Novelist Margaret Atwood blames Charles Dickens for contributing to our current economic crisis, said Tom Gatti in the London Times. In her well-timed new nonfiction book, Atwood takes the long view on debtor culture and concludes that it was Dickens’ Ebenezer Scrooge who buried the belief that debt is sinful. Scrooge, she says, is “an extreme version of ‘living within your means.’” His thriftiness is presented as downright shameful; profligate spending redeems him. From that concept, she says, it was only a short road to today’s mammoth credit card debts and overleveraged investment banks.

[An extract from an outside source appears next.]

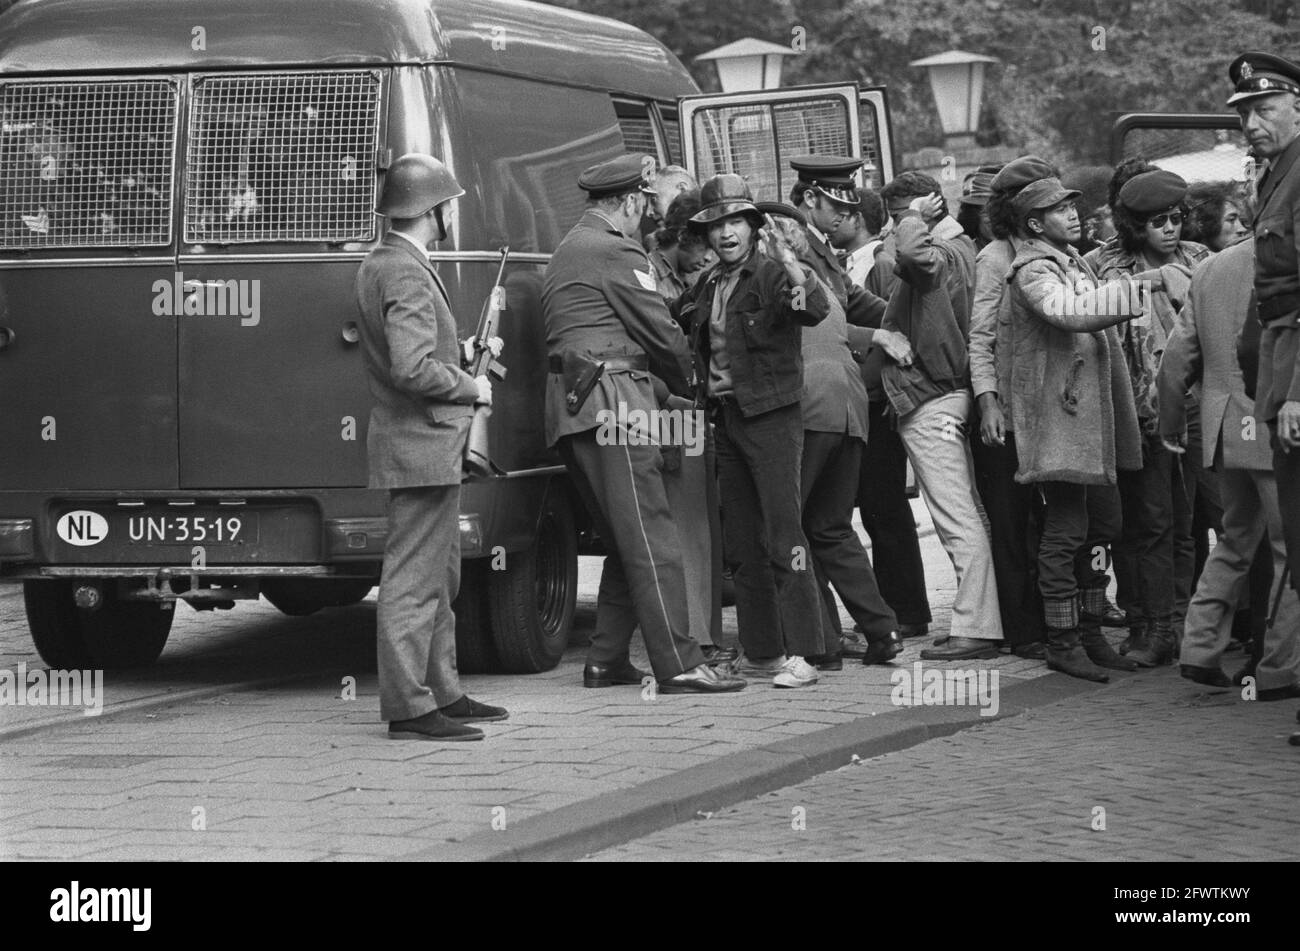 Ambonese occupy home Indonesian Ambassador, Wassenaar; Ambonese are searched before entering police car, August 31, 1970, Ambonese, police cars, The Netherlands, 20th century press agency photo, news to remember, documentary, historic photography 1945-1990, visual stories, human history of the Twentieth Century, capturing moments in time Stock Photo

Payback is a “fascinating, freewheeling examination” of how ideas about debt have figured in history and culture. As for the future, Atwood is hopeful that attitudes about thrift and debt are about to reverse. But she’s worried that the shifts may come too late. Not all debts, she says, concern money. “The whole theology of Christianity rests on the notion of spiritual debts and what must be done to repay them.” People used to comment upon a man’s death that “he has repaid his debt to nature,” she says. “It means you’ve borrowed something—the physical part of yourself made up of natural elements—and you’re paying it back by dissolving into nature.” Surely, she says, we’ve extended that line of credit about as far as it can go: “You can’t keep taking and taking and taking.”